Russ didn’t want to get into the murky mystical depths of how someone was “called to the priesthood.” “How’d you wind up here?” he asked.
“I spent a summer as an assistant curate in the Berkshires. I had never been in this part of the country before, and I just fell in love with it. I started looking for a position somewhere in New England, and when St. Alban’s came open, I thought, well, it’s only a half-hour drive from Vermont . . .”
“Ah ha,” Russ said. “So you haven’t experienced a North-country winter yet.” The light at the intersection with Radcliff Street turned red, and he pumped his brakes to avoid skidding on the icy spots.
“Therein lies the rub, as they say. My internship ran from May through September, so I was a little unprepared for six inches of snow before the end of November. I’ve only been here for three weeks, so I’m not exactly acclimated yet.
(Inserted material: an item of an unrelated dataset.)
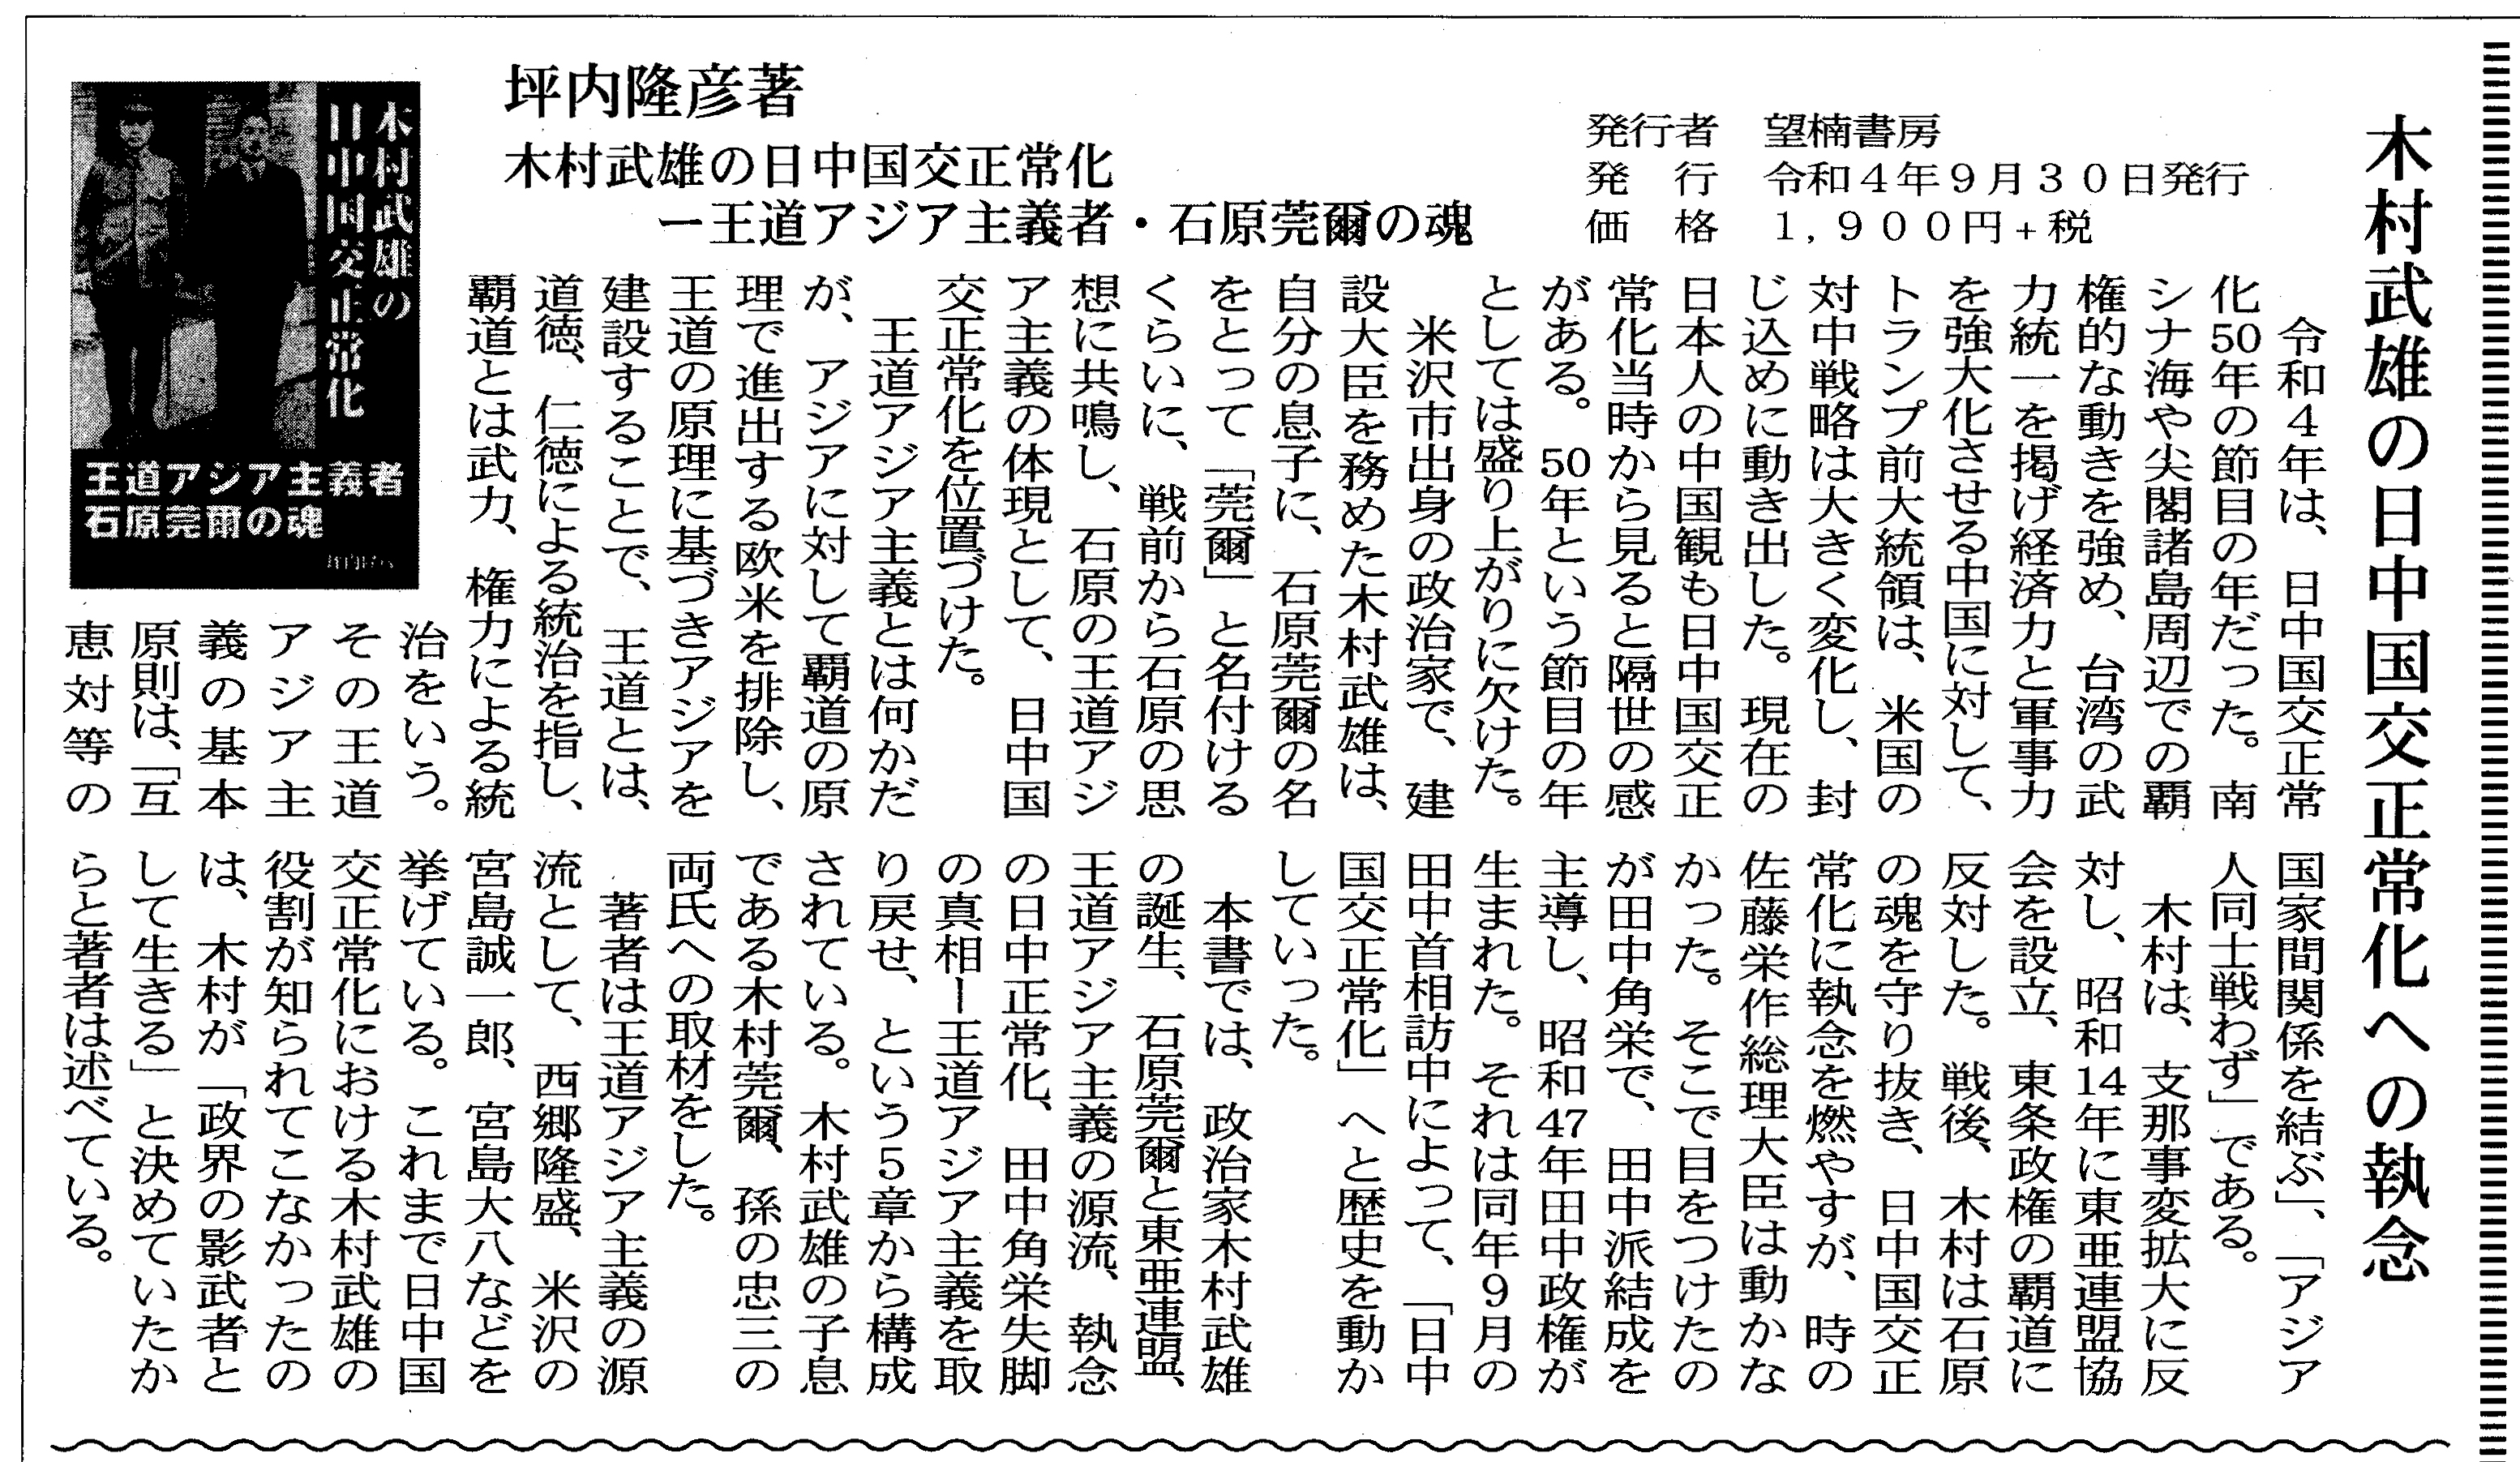 「木村武雄の日中国交正常化への執念」『米沢日報』令和5年1月1日付

I do have a coat, though. But when I stumbled over the baby, I was on my way out for a run.”
He looked at her again. She was obviously fit, but she wasn’t a big woman, scarcely up to his shoulder standing. “Just because this is a small city and we look like Bedford Falls from It’s a Wonderful Life, don’t be fooled into thinking bad things can’t happen here. They can, and do, so watch where you run if you’re out at night alone.”
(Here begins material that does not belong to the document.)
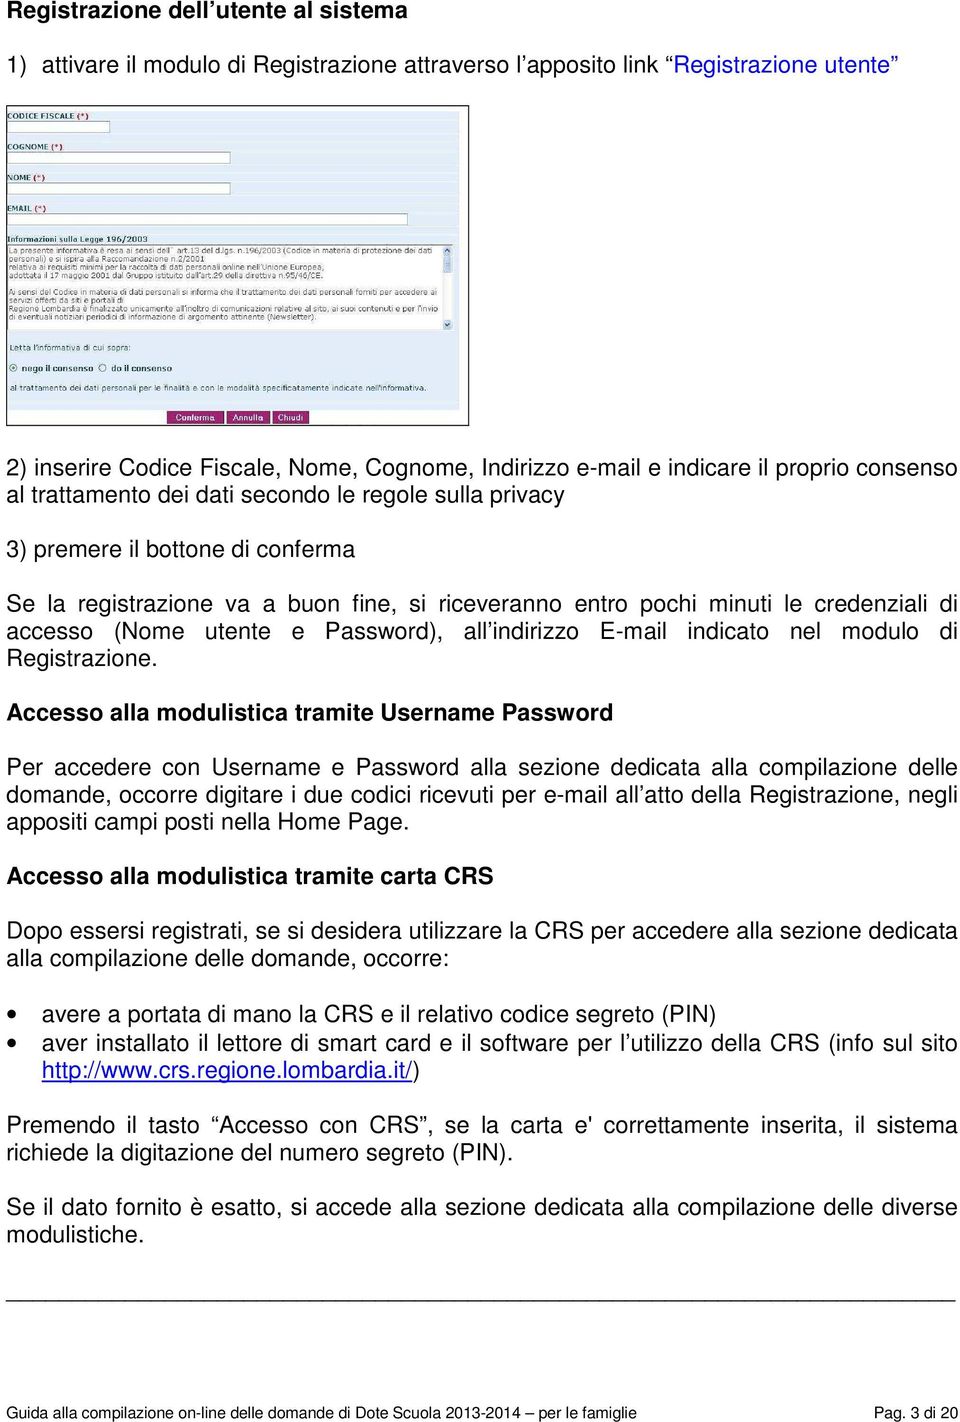 accesso (Nome utente e Password), all indirizzo E-mail indicato nel modulo di Registrazione.

She waved a hand, unconcerned. “I can take care of myself,” she said.
“Lemme guess, you know karate, you’re trained in the art of self-defense . . .”
“Nothing formal. But the army made sure I could break somebody’s arm if I neede
d to.”
The light turned green. He rolled onto Radcliff, causing an ancient Chevy Nova that had been barreling down the street to brake hard in an attempt to get under the thirty-five-mile-an-hour speed limit. “Lemme tell you, Reverend, somebody tries to mug you, they aren’t gonna get close enough for you to break their arm. Every ass—uh, jerk on the streets today’s got a gun. Even up here. They come up outta New York City, just like the drugs do.”
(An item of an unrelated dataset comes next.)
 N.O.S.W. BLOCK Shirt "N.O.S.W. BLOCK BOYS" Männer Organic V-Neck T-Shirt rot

He glanced at her when he made a left turn onto Main. She was studying the peaceful storefronts and frowning, absently rubbing her forearm with one long-fingered hand. “Is that a big problem in Millers Kill? Drugs?” she asked.
Russ sighed. He knew when he was being side-stepped. “Not too bad, no. Alcohol is the number one drug of choice up here, like you’ll find in a lot of rural areas. My biggest single crime problem is domestic violence, and nine times out of ten there’s alcohol involved.”
He pulled the cruiser up in front of the station. “I’ll leave the car running for you,” he said. “Be back in a minute.” He grabbed the box and took off through the icy air, bounding up the stairs two at a time. There was nobody at the front desk at this hour. Instead, he loped into the dispatch room, where Harlene was just pouring herself a cup of coffee. “Harlene, you good lookin’ woman!” he said. Harlene was some ten years his elder, a big, square woman with an uncannily organized mind and a photographic memory of every highway, lane, and dirt road in three counties.
“One of these days, I’m going to slap you with a sexual harassment lawsuit,” she said, hefting herself into her chair and curling her headset over her springy gray hair.
“And let Harold know how much fun you’re having over here? No way.” Her husband Harold had recently retired, and was riding Harlene pretty hard to quit work and stay at home with him. “I’m gonna lock this into evidence,” Russ said, waggling the box. “Will you leave a note for Phil to get on it first thing in the morning? Prints, hairs, anything he can come up with.”